Dynamex Inc., a Dallas-based provider of same-day delivery and logistics services in the United States and Canada, on Wednesday, Feb. 23, announced the completion of its acquisition by TransForce Inc. The company’s stockholders will receive $25 in cash for each share of Dynamex common stock owned by them, and the company’s common stock no longer will be listed for trading on NASDAQ.
“The completion of our deal with TransForce marks an important milestone for Dynamex,” says James Welch, president and chief executive officer. “We are excited to begin the next chapter of our corporate growth and are proud to be joining the TransForce family. TransForce recognized the value proposition we have developed over the last 20 years, and they share our vision for growth and our commitment to customer service.”

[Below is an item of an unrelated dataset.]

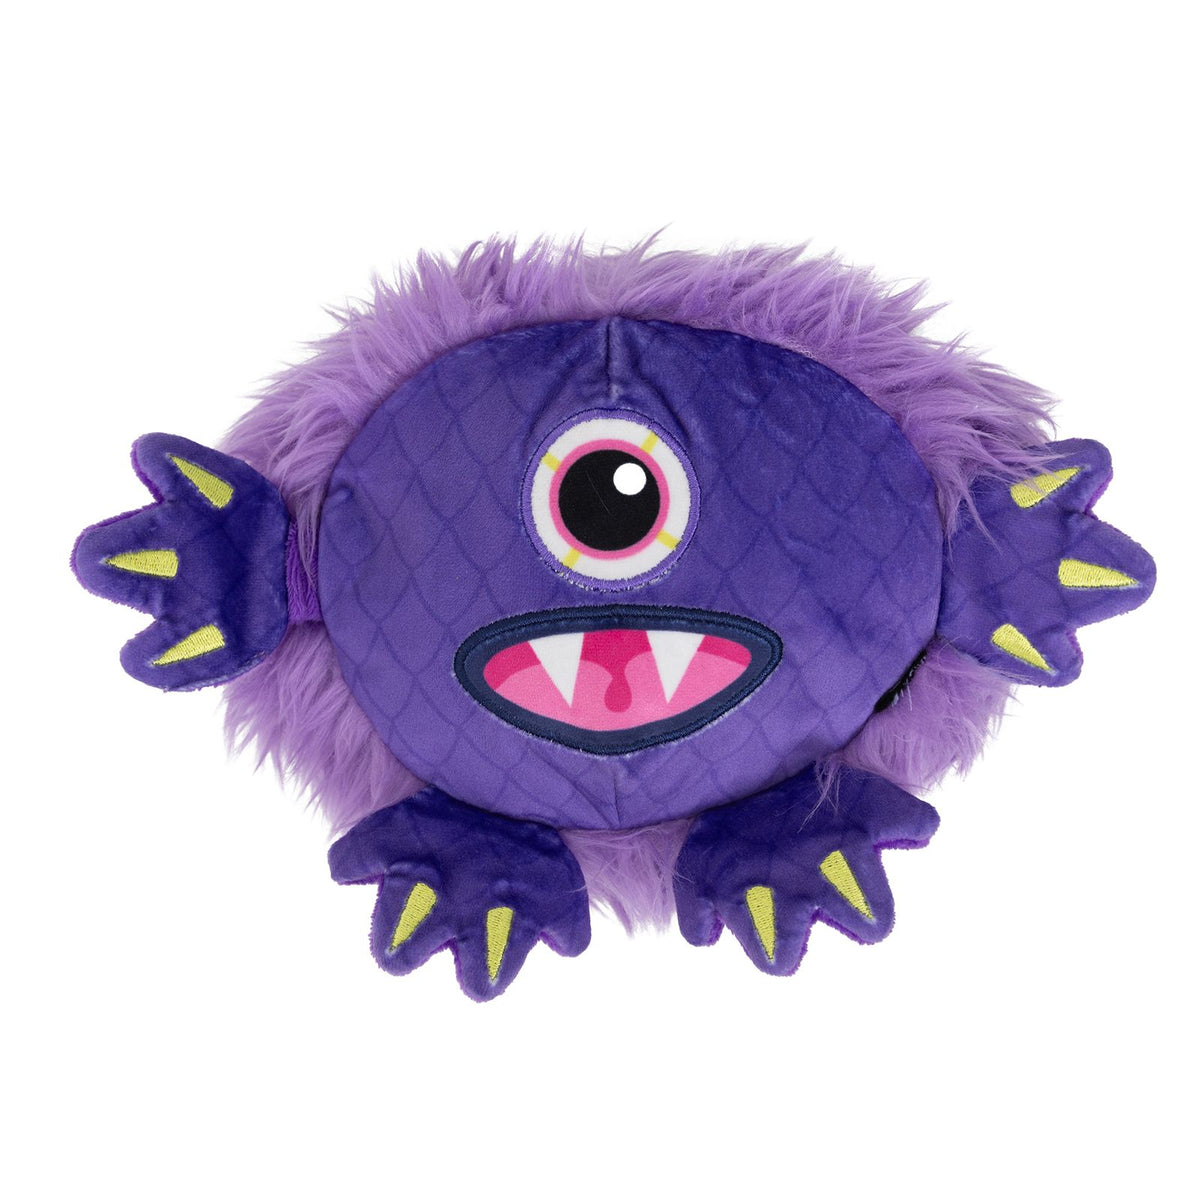 Plush Round Monster Toy

Dynamex on Feb. 18 announced that its stockholders had approved the merger agreement to provide for the company’s acquisition by TransForce. Dynamex on Dec. 14 terminated a merger agreement previously entered into with an affiliate of Greenbriar Equity Group and entered into the merger agreement with TransForce.
Welch says the transaction is “a strong endorsement of our business model and provides significant new growth opportunities for both companies. Dynamex will benefit from the experience, geographic reach and synergies provided by TransForce.”
Alain Bédard – TransForce chairman, president and CEO – says Dynamex adds a respected brand to the company’s package and courier capability. “Its same-day delivery enhances service to existing customers, while the combination of TransForce and Dynamex constitutes a powerful offering to potential new clients,” Bédard says. “Importantly, incorporating Dynamex’s services will open doors for TransForce in the U.S. market. We are confident that the combination of TransForce and Dynamex will yield attractive synergies with our existing divisions.”